AI Quality Engineering

What remains of quality engineering when AI writes the code?

Fifteen years of test architecture and quality engineering — at insurers, banks, government and national utilities. Since last year I've been applying that discipline to the agentic AI layer on top: agent orchestration, review gates for LLM output, and the audit trail regulated sectors still need. On this site you'll find how I work, the cases where it showed up, four agents running in production, open-source templates on GitHub, and the pieces I publish.

What I do myself is selective.
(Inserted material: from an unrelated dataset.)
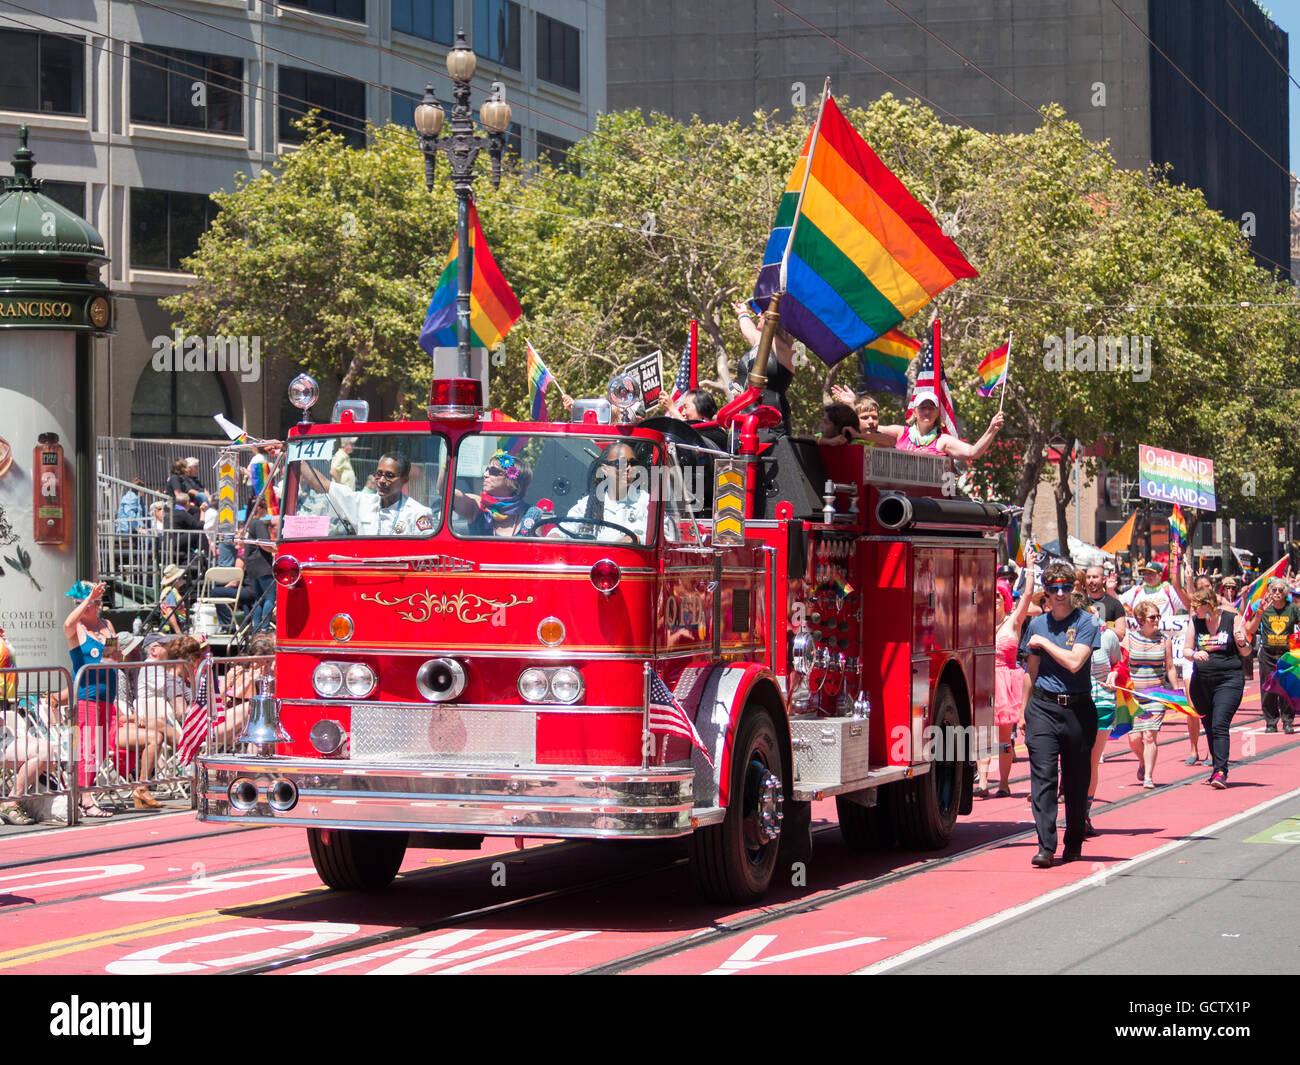 United States Fireman Stock Photos & United States Fireman
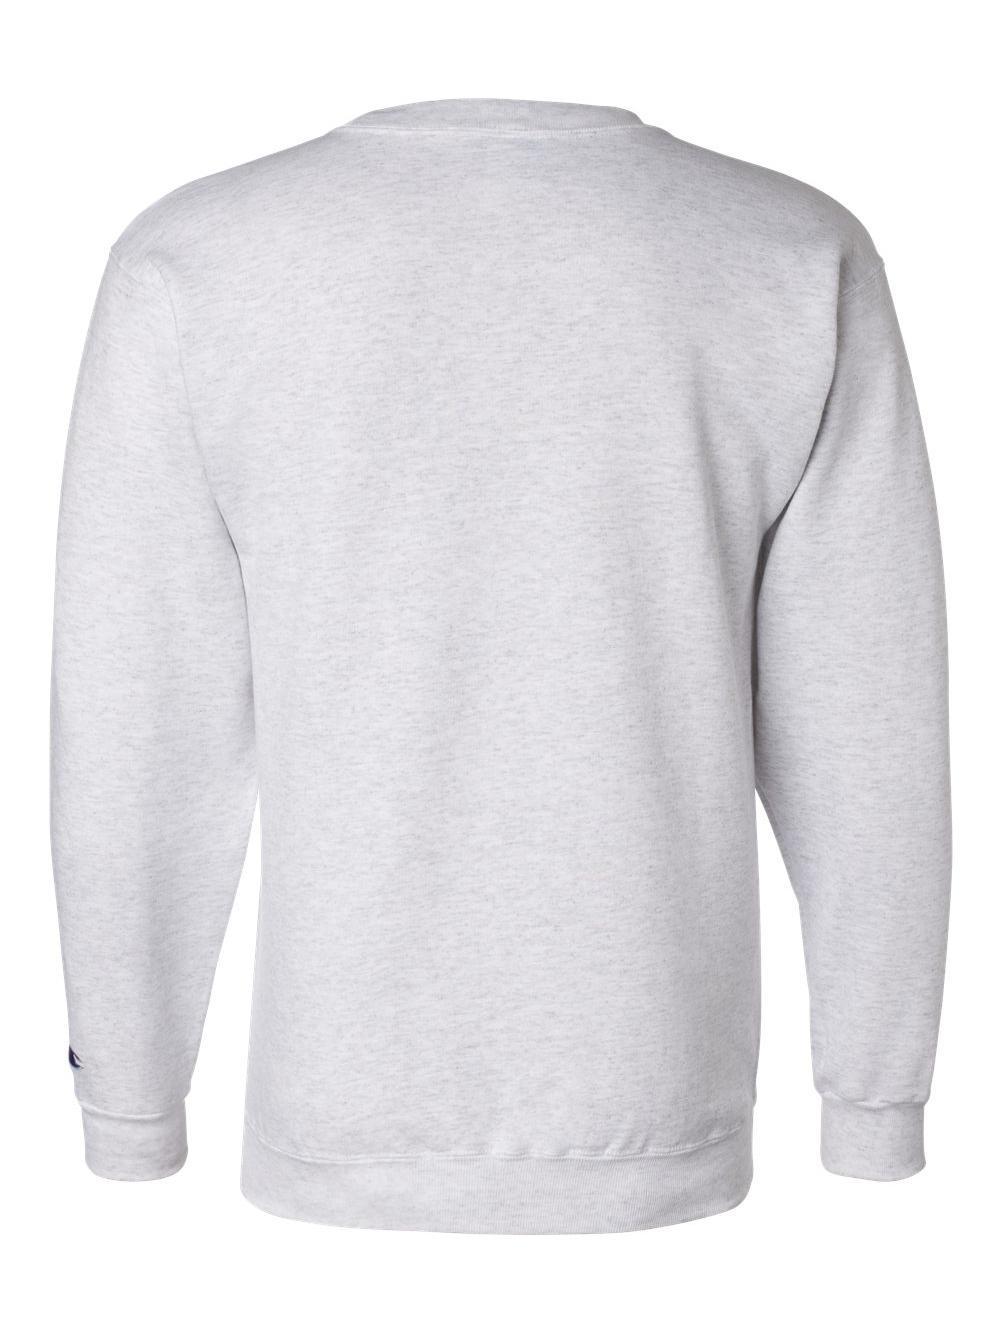 Champion-Double-Dry-Eco-Crewneck-Sweatshirt-S600 thumbnail 34

What I share isn't.

Example: a review gate I run at a client. Four checks, one verdict, in CI.
15+
Years
QA & test automation
14
Clients
Enterprise & government
4
Agents
In production, licensed
2
Open source
Templates on GitHub
Ambassador
Cypress.io
The approach

Four pillars beneath a software development process where quality stays in hand.

Every engagement touches all four, in different mixtures. My approach is always effective and pragmatic: the best solution that fits your organisation for the long term.

01

Test architecture that outlives the team.

Software testing patterns, AC/TS traceability, per-feature coverage matrix, Language-First. The foundation for any quality architecture, with Cypress and/or Playwright. Built so AI coding agents and the surrounding Quality Gates can safeguard quality continuously.

02

AI coding agents in your release pipeline.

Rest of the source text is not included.